Still with me?

By | January 16, 2012

Yes I’m still around. Seems like Facebook, Twitter and their ilk have kept me busy in the past year. I’m not so sure what’s going to happen with this blog in the next year. I’ve enjoyed writing on it for such a long time (even sporadically) that I just don’t know how to close it down.

Who me? Post?

By | August 9, 2011

Yep I’ve been busy. Let’s see – in no particular order –

I got to hang out with my daughter and Grandson. Both are awesome and it was a wonderful visit

I’ve finished my first college course in years – Medical Terminology I – I aced it , not of course – that sucker was hard!

Kev did the Pan Ohio Hope Ride with his team – Adam’s Army. The whole event raised half a million bucks for the American Cancer Society. I think Kev”s team raised 20k of that.

Summer is nearly over and I only got to wear my bathing suit once and that was in SC for a weekend I spent with my sister at the beach. We went to Isle of Palms and saw Cowboy Mouth at the Windjammer. We got to meet the guys from Junior Doctor out front – they are great guys and I like their music Then about a week later a friend and I saw them again at The Beachland Ballroom in Cleveland – this time I got to meet Fred! So AWESOME!

We are planning to get to Cedar Point this month so that it’s warm enough to ride their new water coaster. The coaster was open last year but the service was spotty, I assume because it was new.
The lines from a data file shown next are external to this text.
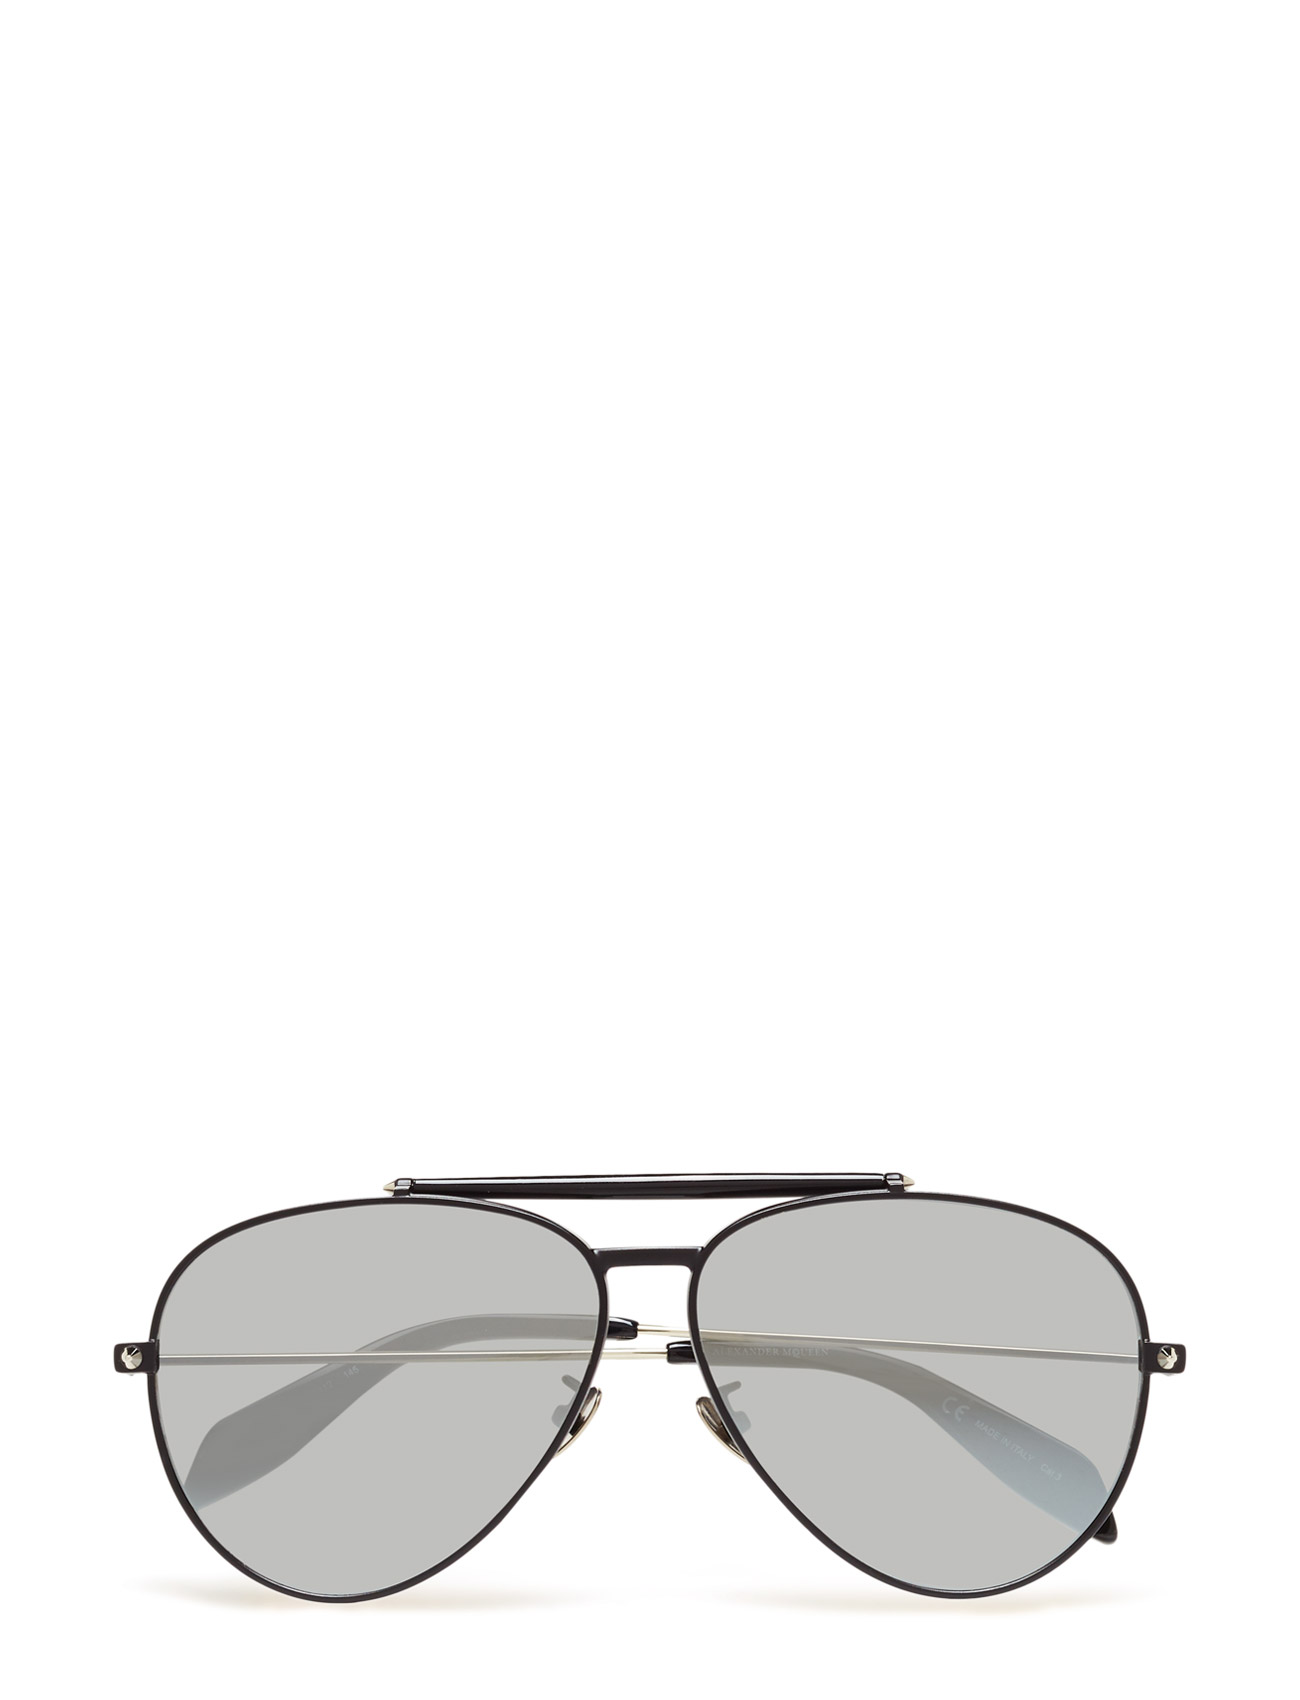 alexander mcqueen eyewear – Am0057s på boozt.com dk
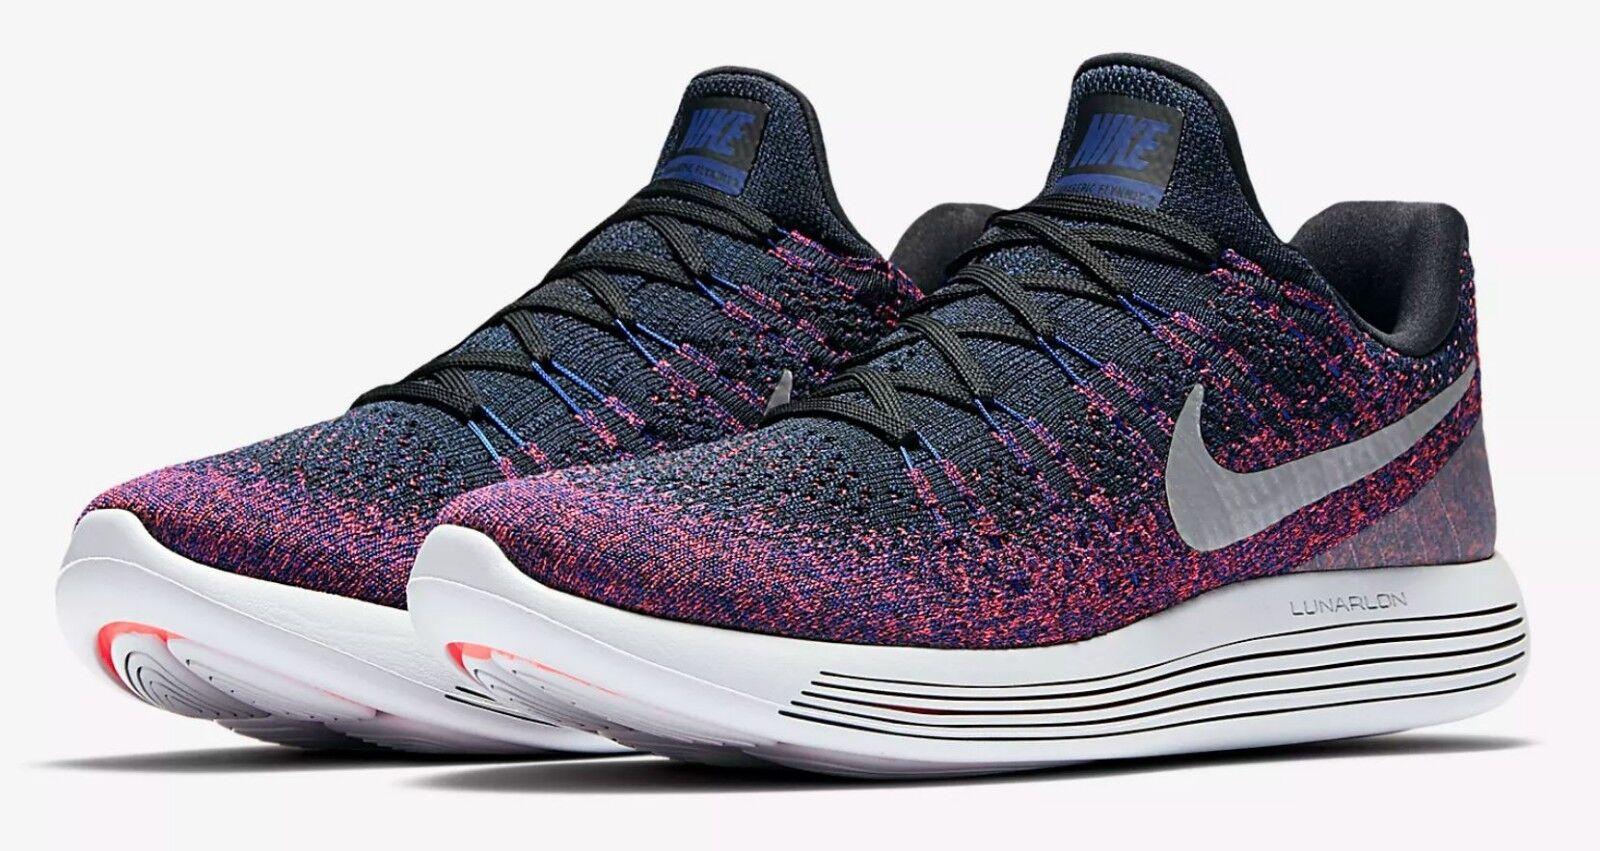 Nike Men's Running Shoes LunarEpic Low Flyknit 2 Black Punch Sz 10.5 863779-015
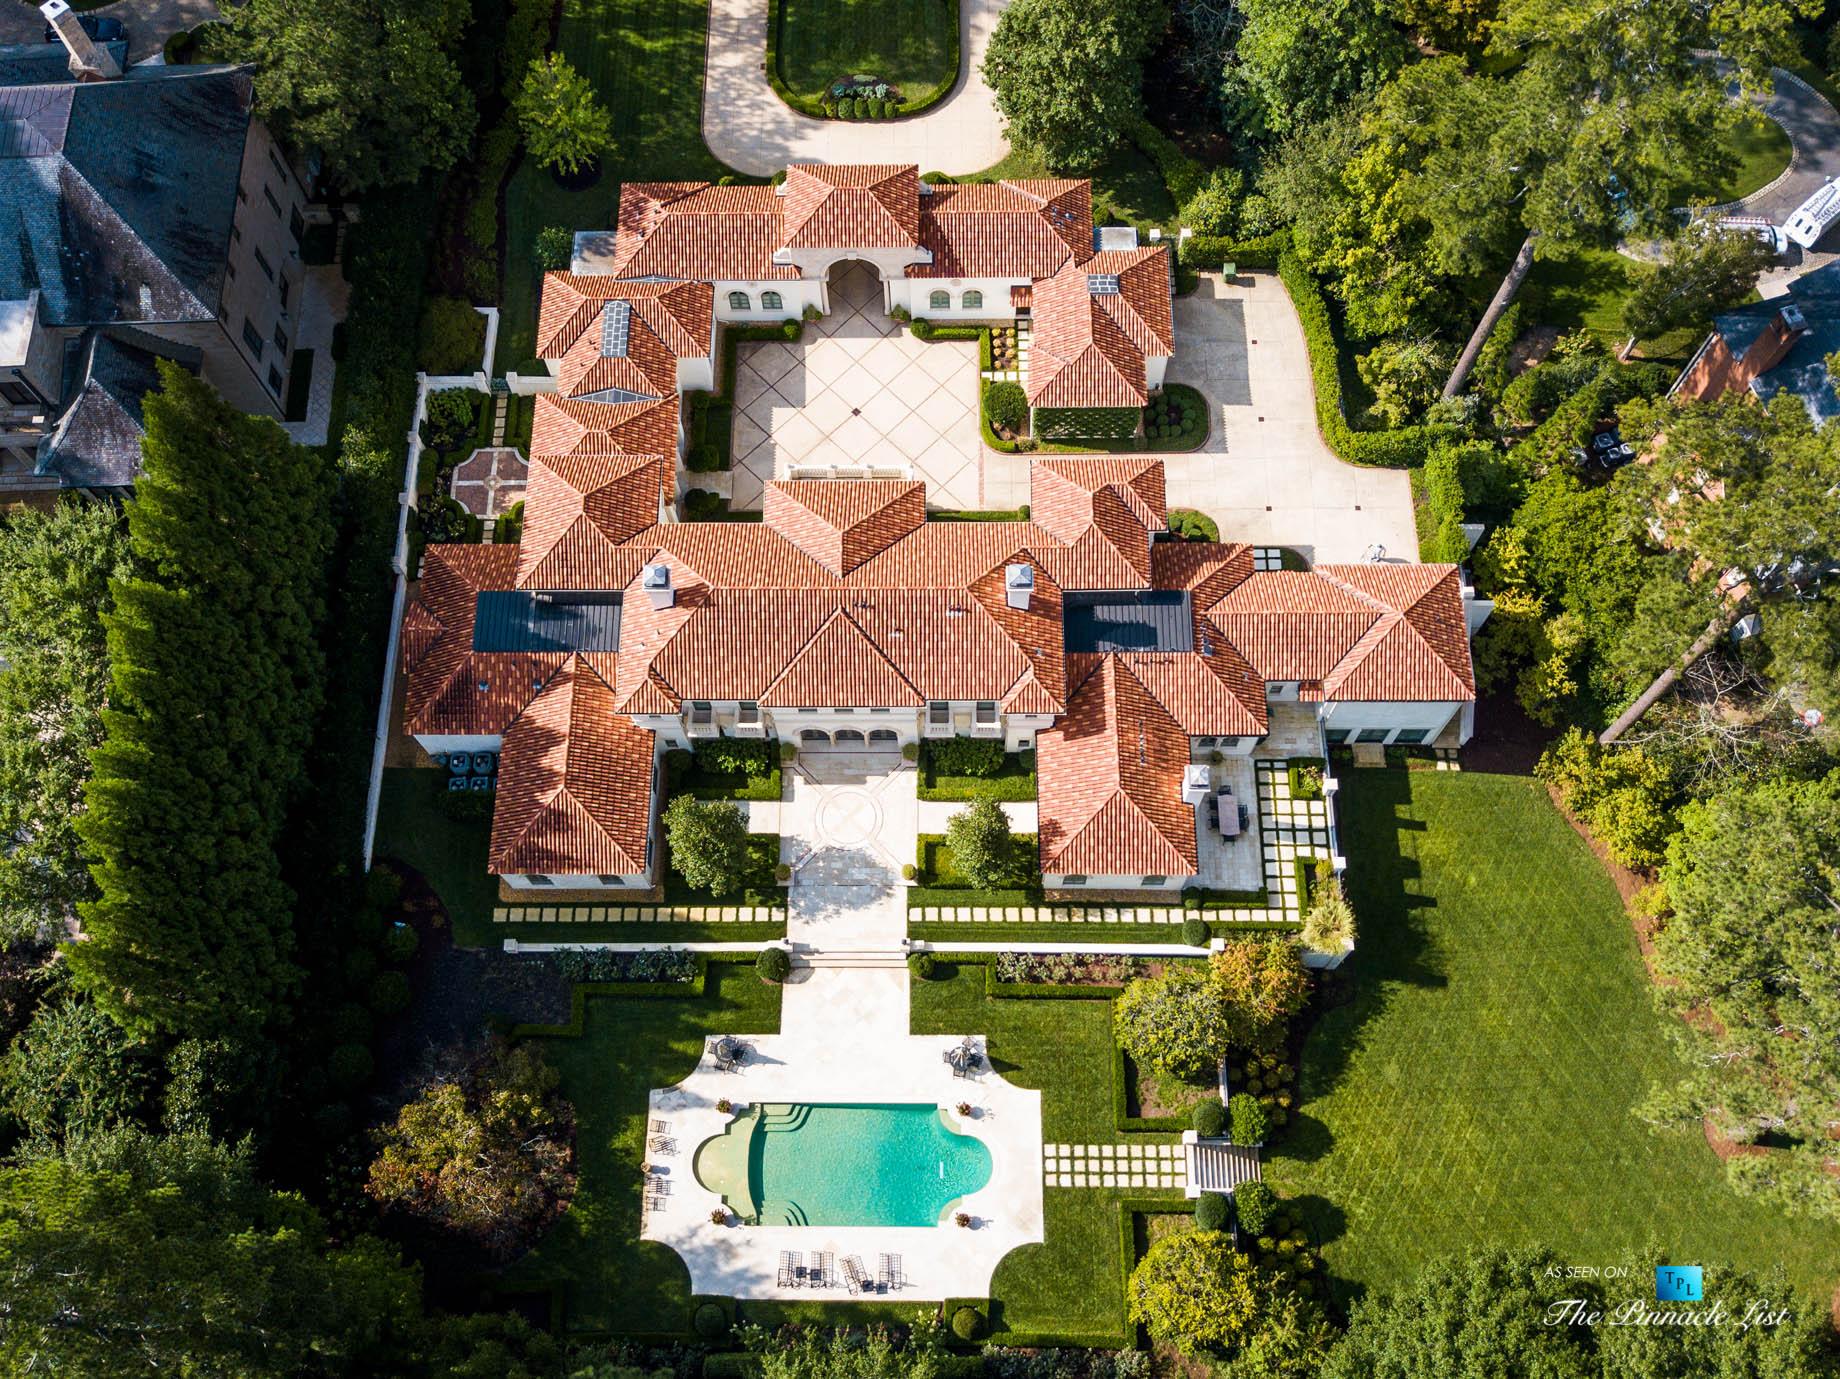 439 Blackland Rd NW, Atlanta, GA, USA – Drone Aerial View Luxurious Property – Luxury Real Estate – Tuxedo Park Mediterranean Mansion Home

Warrior Dash is coming up in September – I’m not doing it though. I still have an ankle issue I’m working through – Achilles Spur – YAY. I will be running in the Akron Relay at the end if September. Probably more of a run walk deal but it’s all part of my 2011/2012 de-wussification :)

I realize this post was less than artistic and witty but I felt I needed to get the words out before they were lost.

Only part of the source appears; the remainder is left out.